Acetate (Ac-), aminoethyl (AE-), and carboxymethyl (CM-) high amylose starch cross-linked 6 (HASCL-6) derivatives were previously shown to control the release of drugs over 20 h from monolithic tablets highly loaded (up to 60% drug). This report describes the swelling characteristics, which allow a better understanding of the mechanisms involved in the control of the drug release from the said polymeric matrices. The tablet swelling of HASCL-6, Ac-HASCL-6, and AE-HASCL-6 was found to not be affected by the ionic strength and by the pH between 1.2 (gastric) and 7 (intestinal), whereas the swelling of CM-HASCL-6 was shown to depend on both ionic strength and pH of the release medium. For all the studied polymers the drug loading did not change the equilibrium swelling ratio but affected the initial swelling velocity, seemingly due to the competition between drug and polymer for water uptake, a phenomenon probably influenced by the loading and the drug solubility. It was also shown that the increase of ionic strength would slightly increase the drug release time probably by decreasing the amount of free water still available to solubilize the drug present into the matrix.

Modified high amylose starch for immobilization of uricase for therapeutic application.
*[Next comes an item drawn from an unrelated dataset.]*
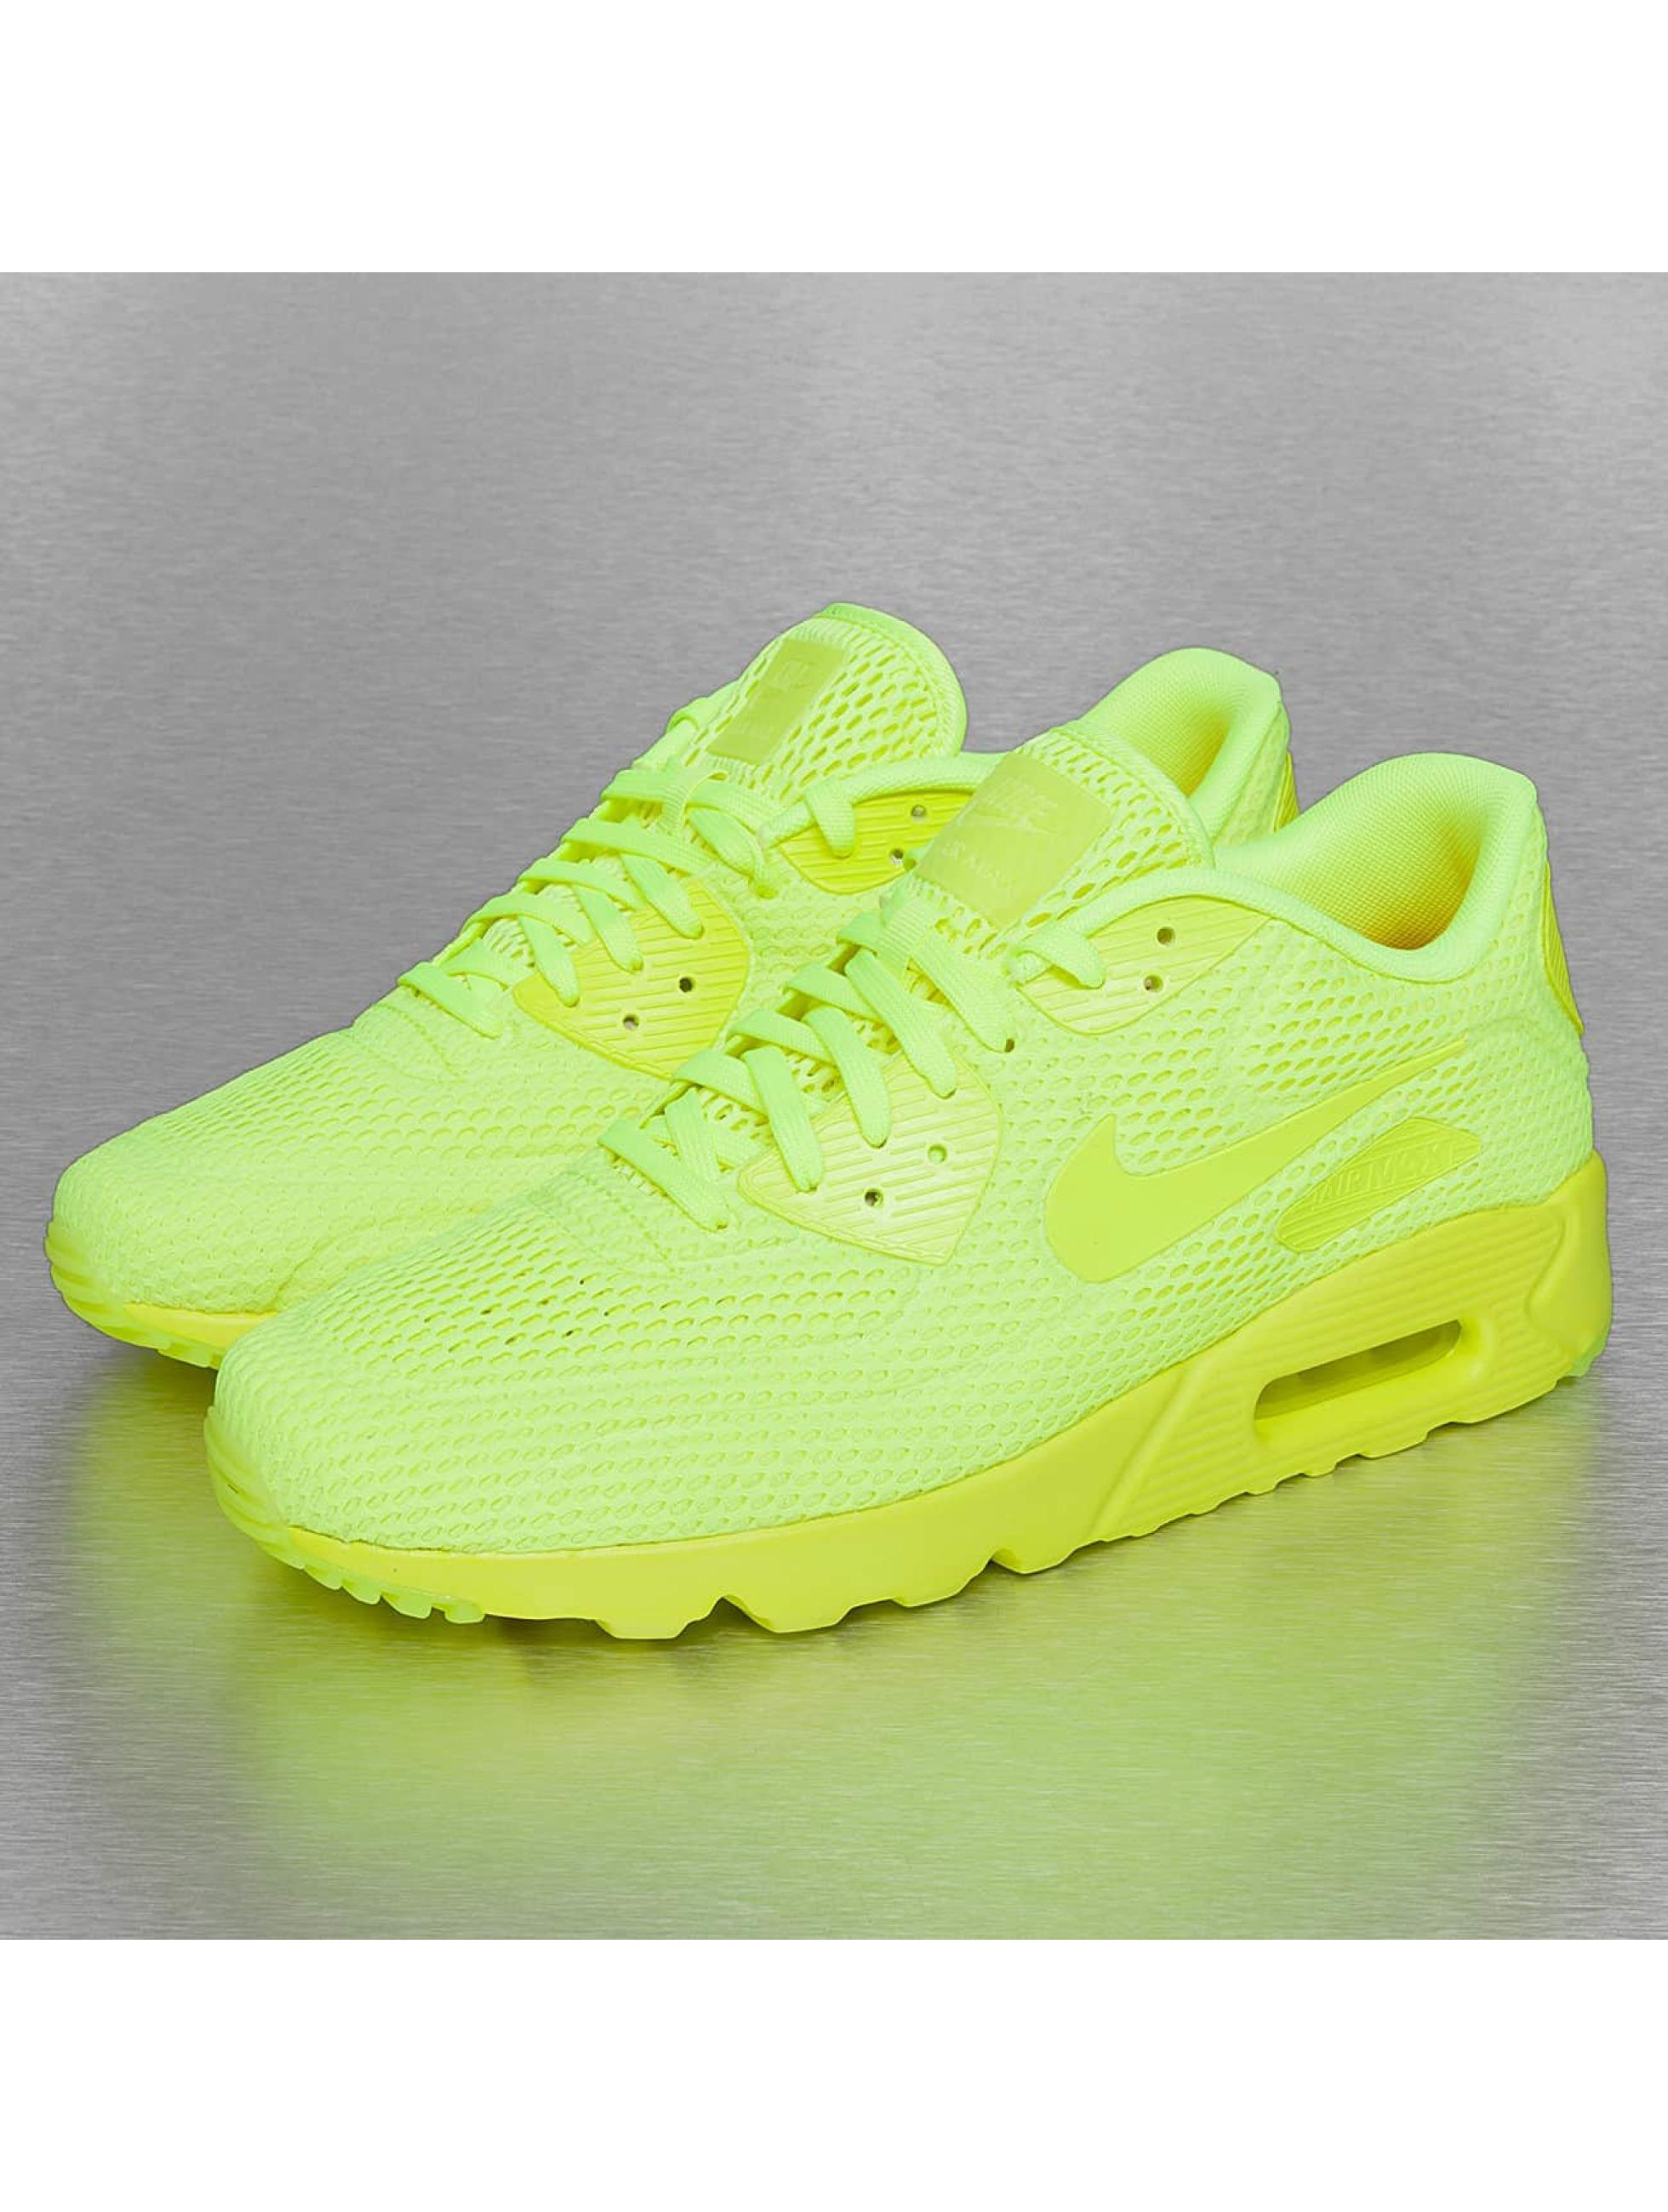 Nike Chaussures / Baskets Air Max 90 Ultra BR en jaune

Urate oxidase (uricase) was immobilized on carboxymethyl high amylose starch cross-linked 35 (CM-HASCL-35), on aminoethyl high amylose starch cross-linked 35, as well as on commercial supports, CNBr-activated Sepharose and diaminodipropylamine agarose. The N -ethyl-5-phenylisoxazolium-3'-sulphonate (Woodward reagent K) gave a high binding but totally inhibited the enzyme activity. Best results were obtained with CM-HASCL-35 using 1-ethyl-3-(3-dimethylaminopropyl)carbodi-imide as a coupling agent. The immobilized enzyme retained 88% of its initial limit rate [V (max)(app)=16 EU/mg for immobilized uricase versus V (max)=18 EU/mg for the free enzyme], with an apparent decrease of affinity for urate substrate [K (m)(app)=0.17 mM versus K (m)=0.03 mM for the free enzyme]. The coupling yield was 60% and the modified uricase was found more resistant to proteolysis than the free enzyme. The immobilized uricase retained 25% of its initial activity after 60 min in pancreatic proteolysis medium (pancreatin), whereas the free enzyme retained only 5% of its initial activity. The best immobilization yield was obtained with the polymeric support based on CM-HASCL-35 (53%), which gave better results than commercial supports based on agarose.